Exercise prompt: The result should be the lines from the one holding "This nonprofit is" to the final line of the records below, repeated exactly and with no pictures.

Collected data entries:

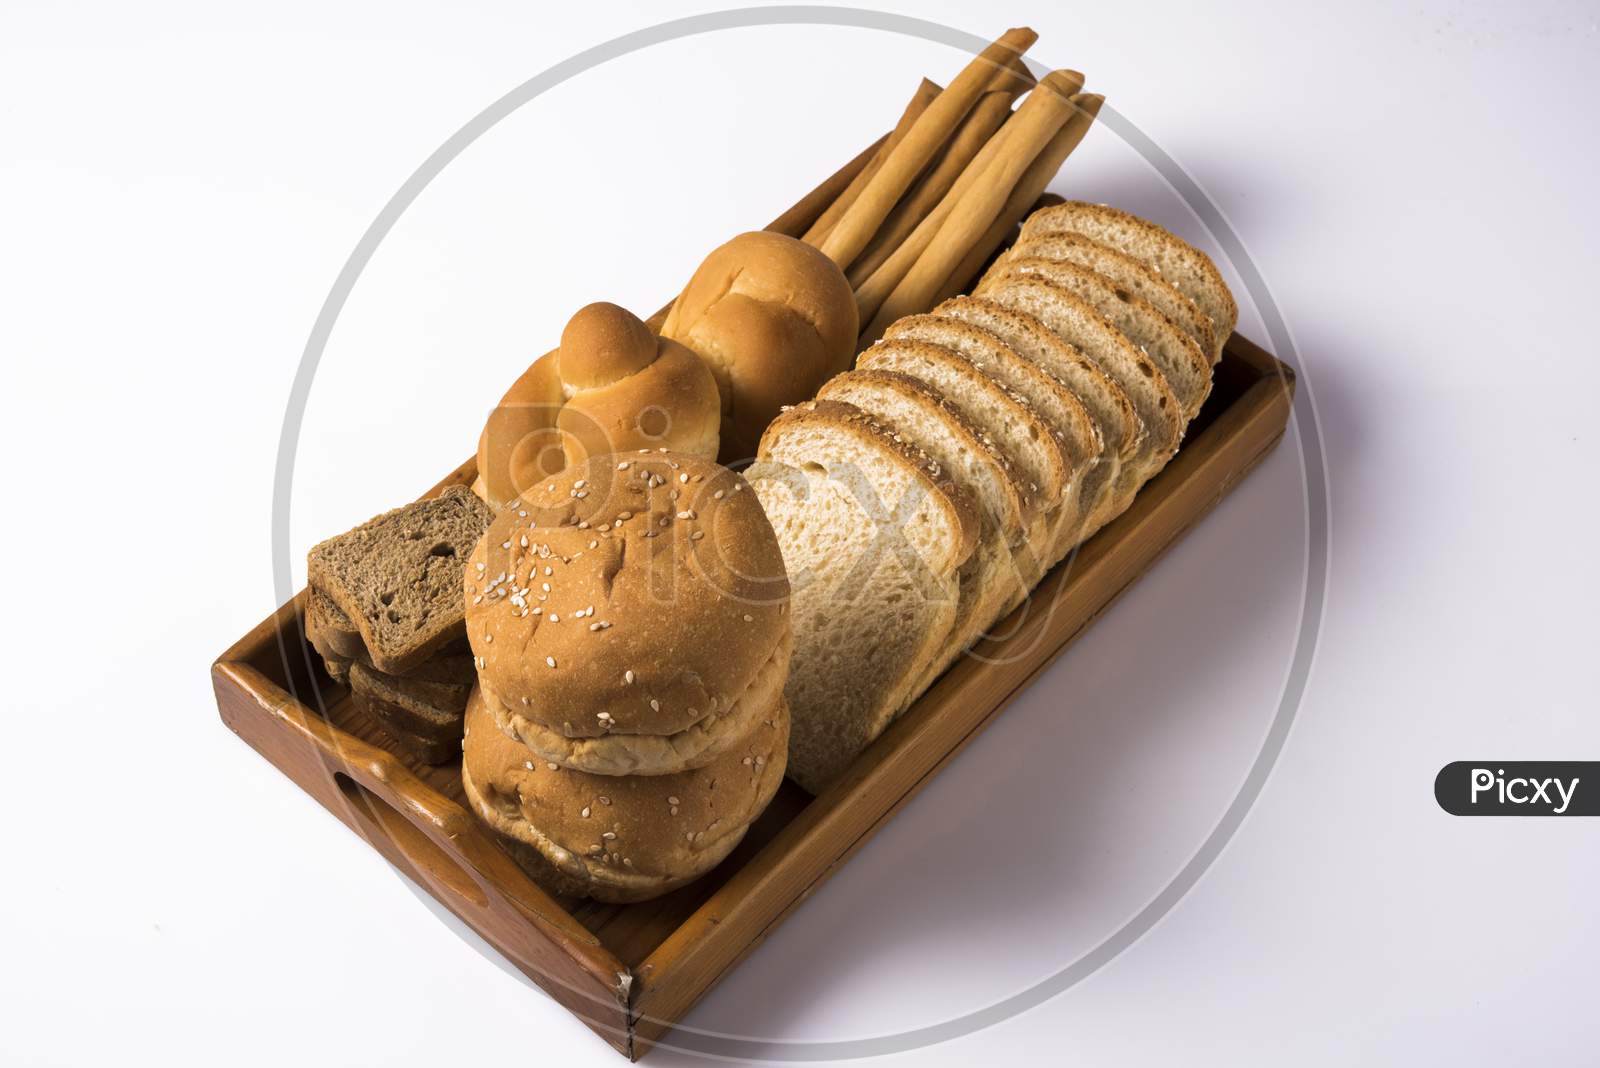 Variety of assorted fresh bread from bakery, served in a basket / tray
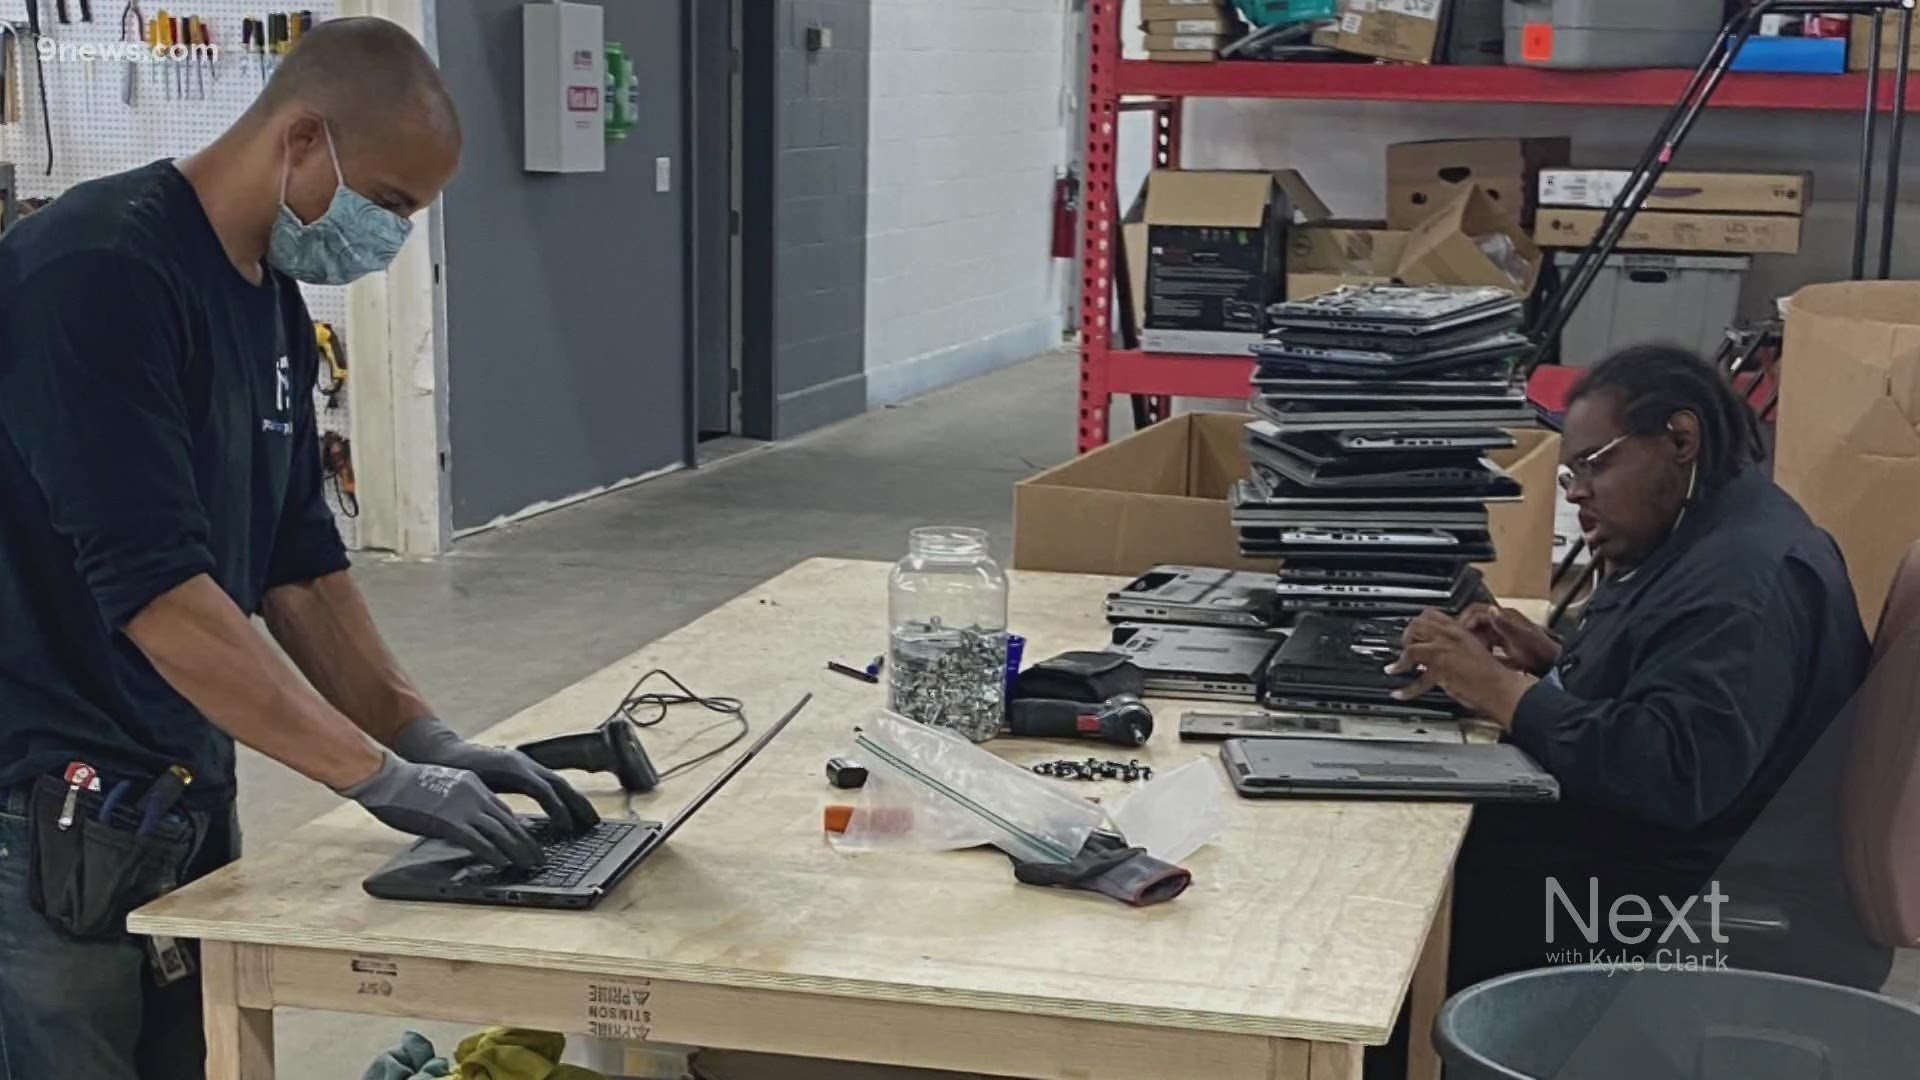 This nonprofit is about connection. It refurbishes laptops and offers low-cost internet and now, it's giving technology to seniors to help them stay connected.
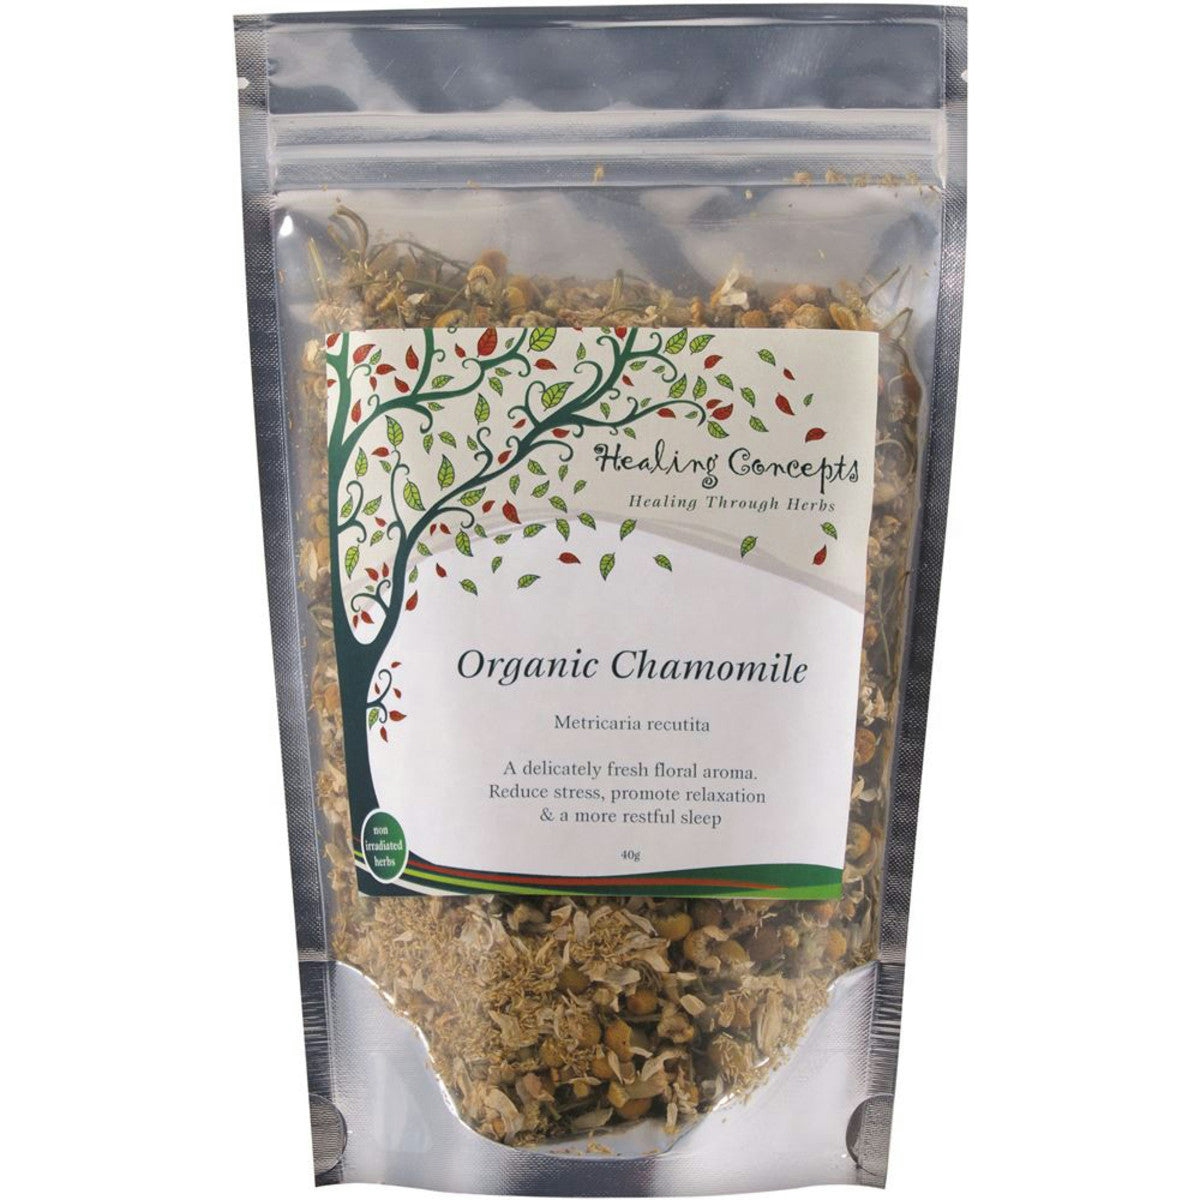 image of Healing Concepts Organic Chamomile Tea 40g on white background 
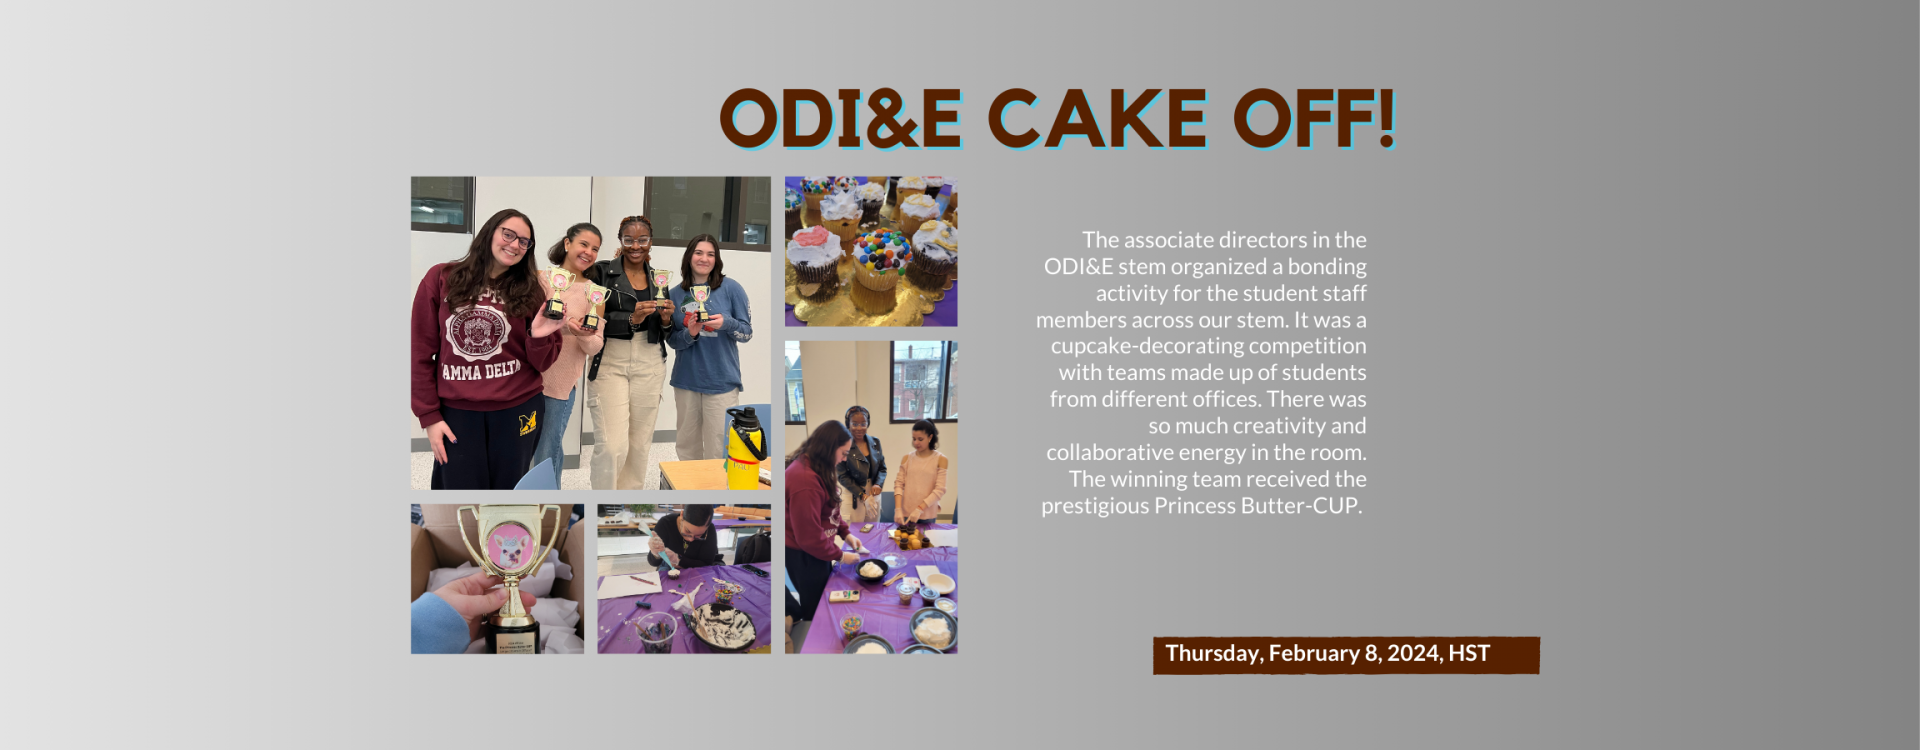 ODI&E Cake off!: The associate directors in the ODI&E stem organized a bonding activity for the student staff members across our stem. It was a cupcake-decorating competition with teams made up of students from different offices. There was so much creativity and collaborative energy in the room. The winning team received the prestigious Princess Butter-CUP. 
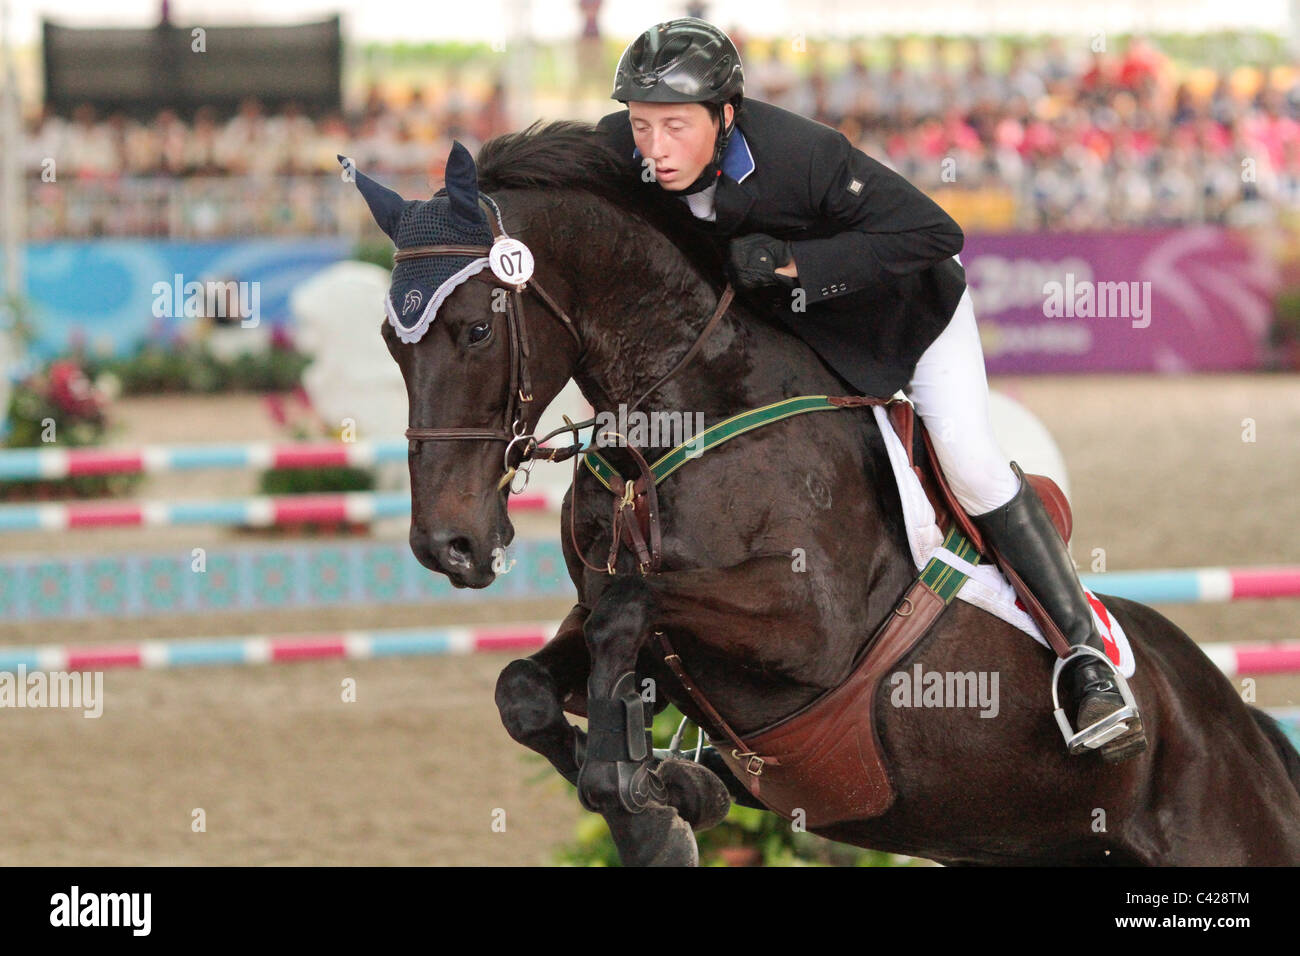 Martin Fuchs of Switzerland riding MIDNIGHT MIST during the Youth Olympic Games 2010 Equestrian Jumping Individual Round B. Stock Photo

Answer section:
 This nonprofit is about connection. It refurbishes laptops and offers low-cost internet and now, it's giving technology to seniors to help them stay connected.
 image of Healing Concepts Organic Chamomile Tea 40g on white background 
 ODI&E Cake off!: The associate directors in the ODI&E stem organized a bonding activity for the student staff members across our stem. It was a cupcake-decorating competition with teams made up of students from different offices. There was so much creativity and collaborative energy in the room. The winning team received the prestigious Princess Butter-CUP. 
 Martin Fuchs of Switzerland riding MIDNIGHT MIST during the Youth Olympic Games 2010 Equestrian Jumping Individual Round B. Stock Photo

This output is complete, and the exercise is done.